DIRECTIONS FOR THIS TASK: A word-for-word copy of the data, pictures excluded, is what this task asks for.

MATERIAL PROVIDED:
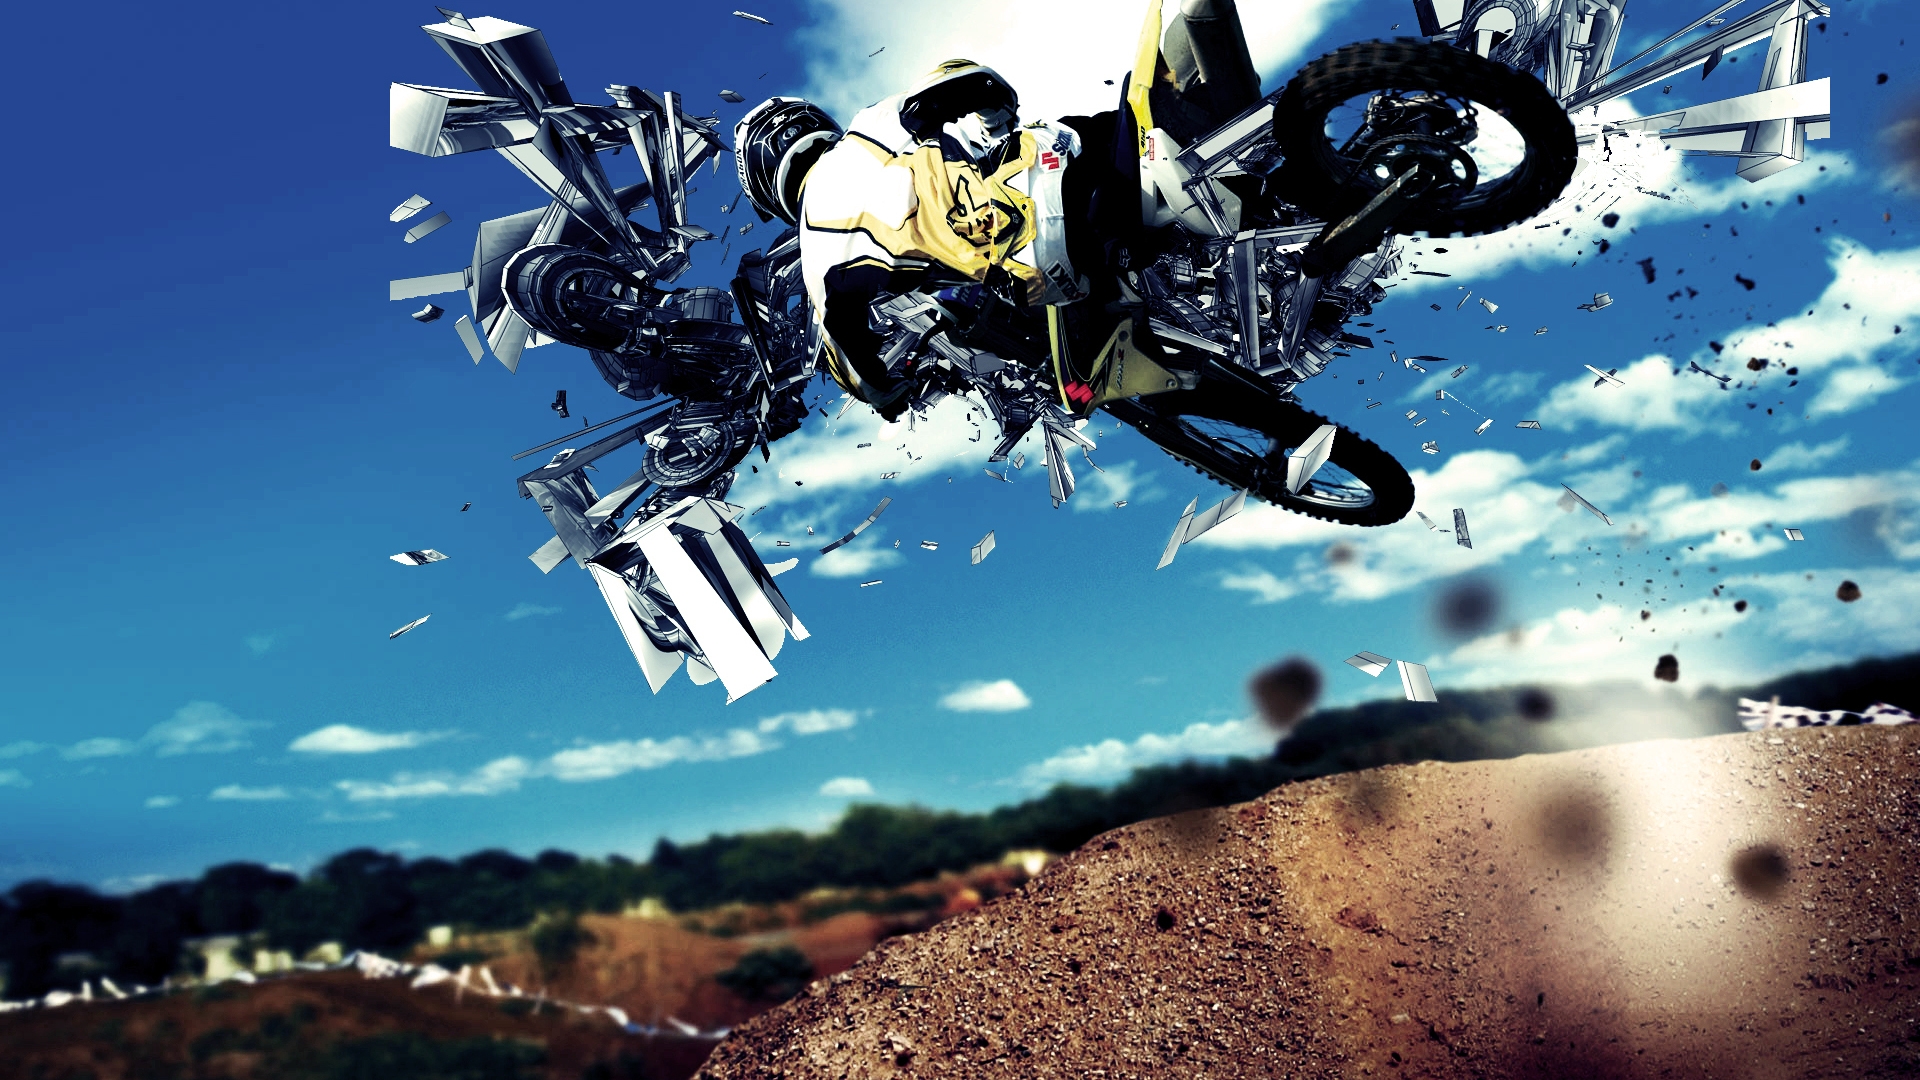 Motorcycle Race for 1920 x 1080 HDTV 1080p resolution
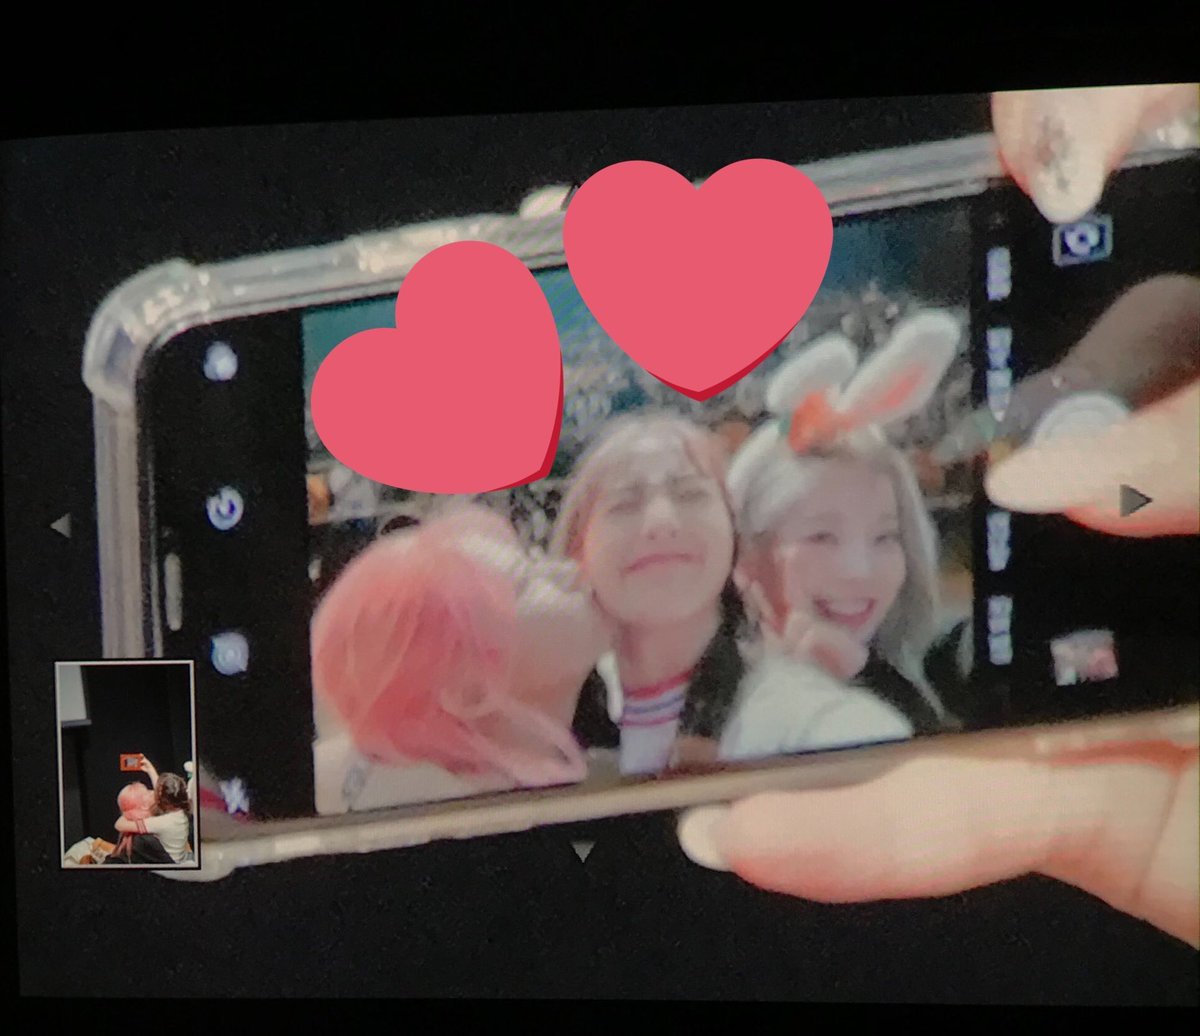 let's just hope Jihyo will post it in Sana's bday
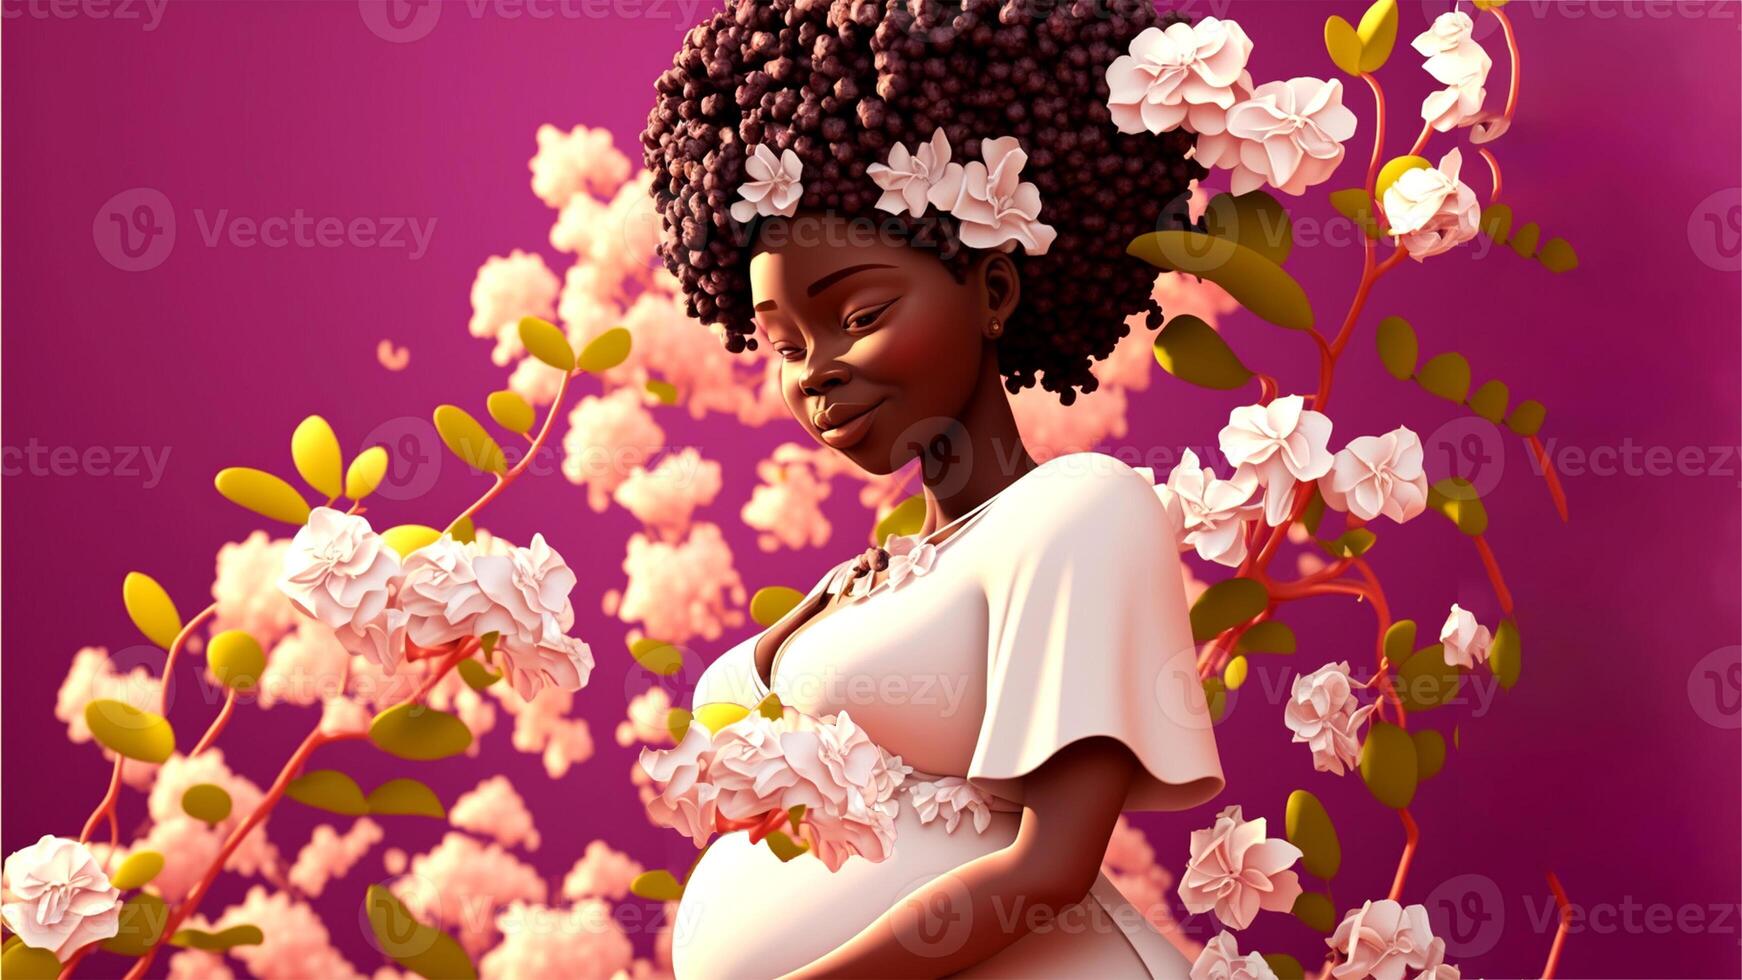 An intimate realistic illustration showing a pregnant woman and surrounded by beautiful flowers, nature, offering an emotion of peace and connection. Generative AI photo

YOUR RESPONSE:
 Motorcycle Race for 1920 x 1080 HDTV 1080p resolution
 let's just hope Jihyo will post it in Sana's bday
 An intimate realistic illustration showing a pregnant woman and surrounded by beautiful flowers, nature, offering an emotion of peace and connection. Generative AI photo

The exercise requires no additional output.